「うむ。
 それで良い。
 【千愛】殿も幸せにな」
「はい。
 もちろんでございまする」
 と話し合った。
 【千愛姫】にとって【幸士郎】は【庄助】との【恋愛相談】をしてくれる大切な家族だった。
 その【幸士郎】が【婿入り】してしまうとして悲しい気持ちになったのだが、それは【幸士郎】の方が強いだろう。
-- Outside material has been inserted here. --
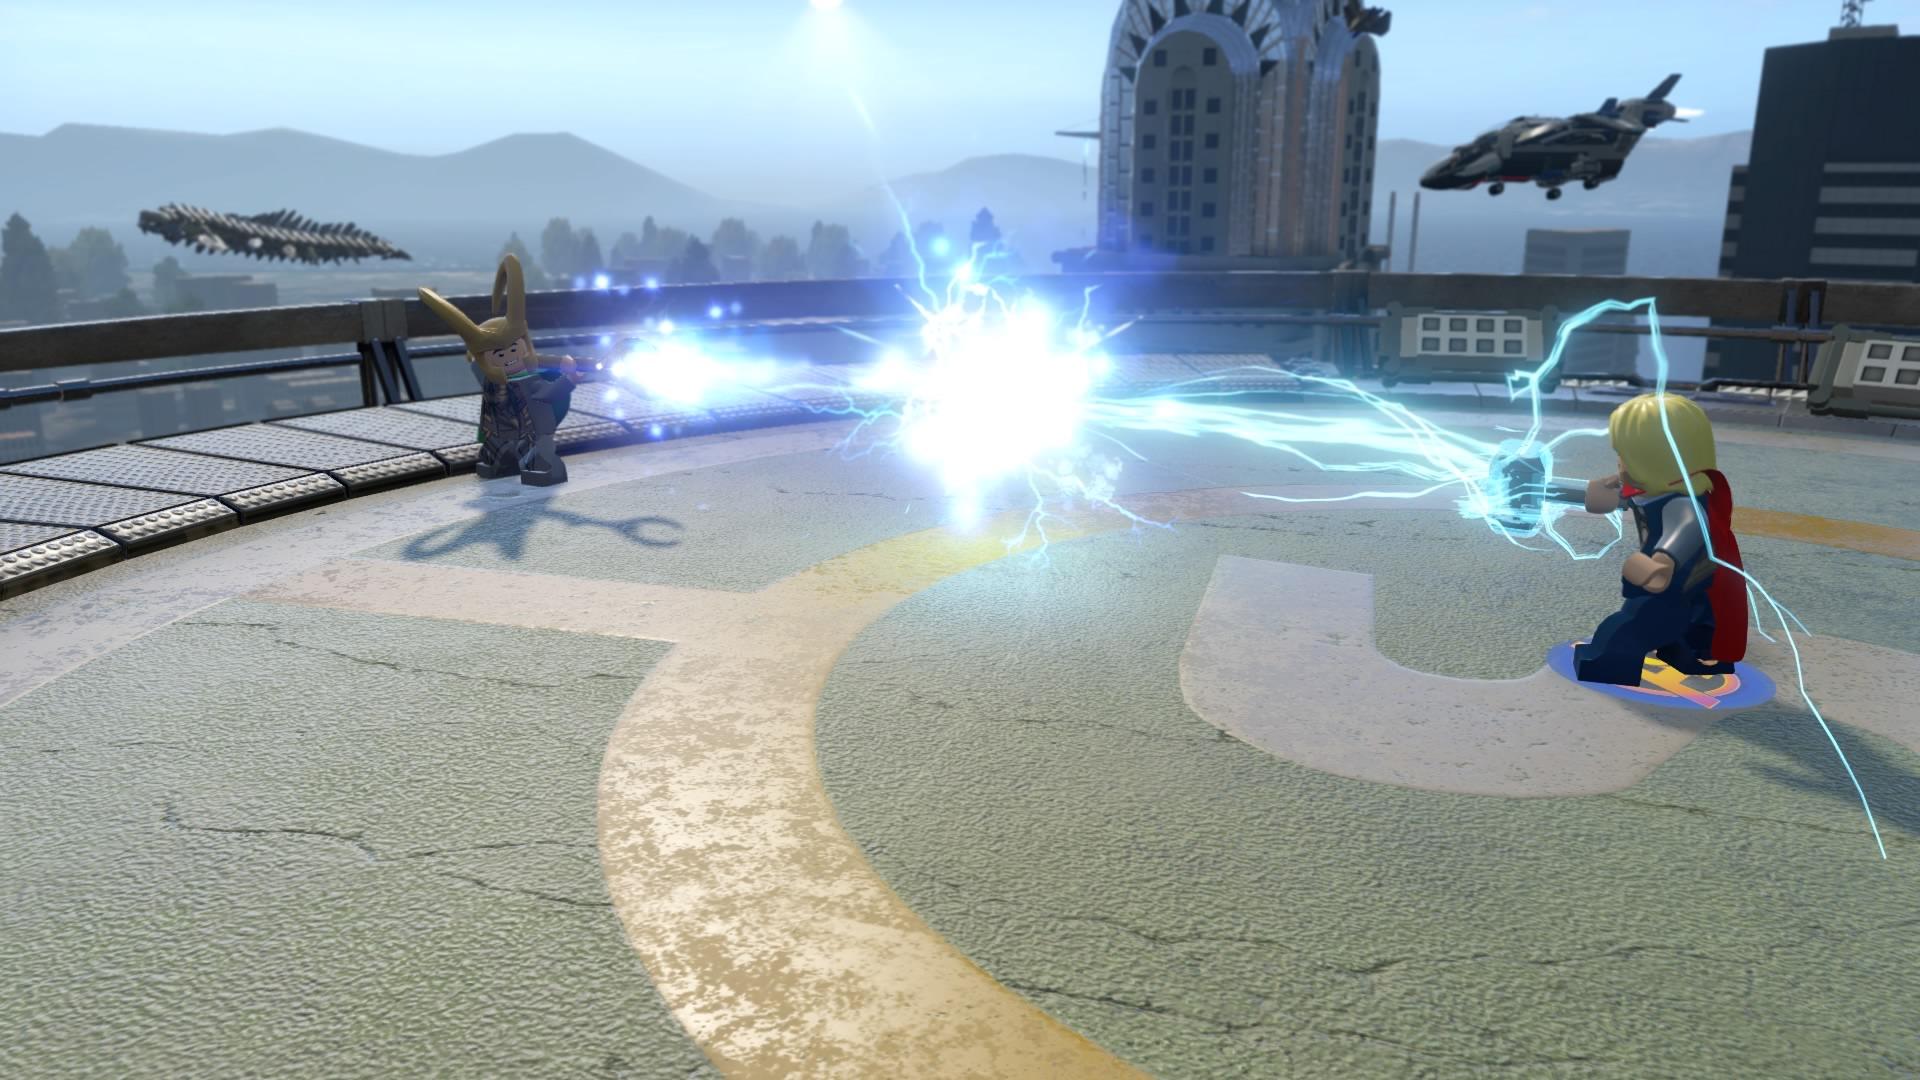 Test de lego marvel 39 s avengers ps4 geektest - Jeux de lego avengers gratuit ...

 【闘月】ではなく、【鏡月】として生きて行かなければならないのだから。
 これが【戦国の世】の習わしであった。
 【幸士郎】は続いて、【天運】に挨拶をしに行った。
 【幸士郎】は、
「では、【天運】殿。
 私は、【鏡月 幸士郎】として生きていきまする。
 【藩】の繁栄。
 心より、祈うておりまする」
 と言った。
 【父上】では無く、【天運殿】と言う呼び方をしているのは、【幸士郎】が【鏡月家】の人間になったからである。
 【天運】も、
「うむ。
 【幸士郎】殿も幸せにな。
 大儀であった」
 と言った。
 続いて、母、弟や妹達と簡単な挨拶を済ませる。
 他人行儀な酷く素っ気ないものだ。
 戦国の世では当たり前の事なのだ。
 続いて、【決戦】に出た5人の代表者の下に行き、
「済まぬな、お前達。
 付き合わせる事になった」
 と言った。
 【平田 泰善】は、
「申し訳ありませぬ。
 負けてしまいました」
 と謝る。
 【的場 尚三】は、
「ちっくしょう。
 畜生、
 畜生、
 畜生ぅ~っ」
 と言って悔しがる。
 彼は勝っていたのだ。
 それでも連帯責任で、敗北者として、彼もまた【鏡月家】に行くことになる。

続きます。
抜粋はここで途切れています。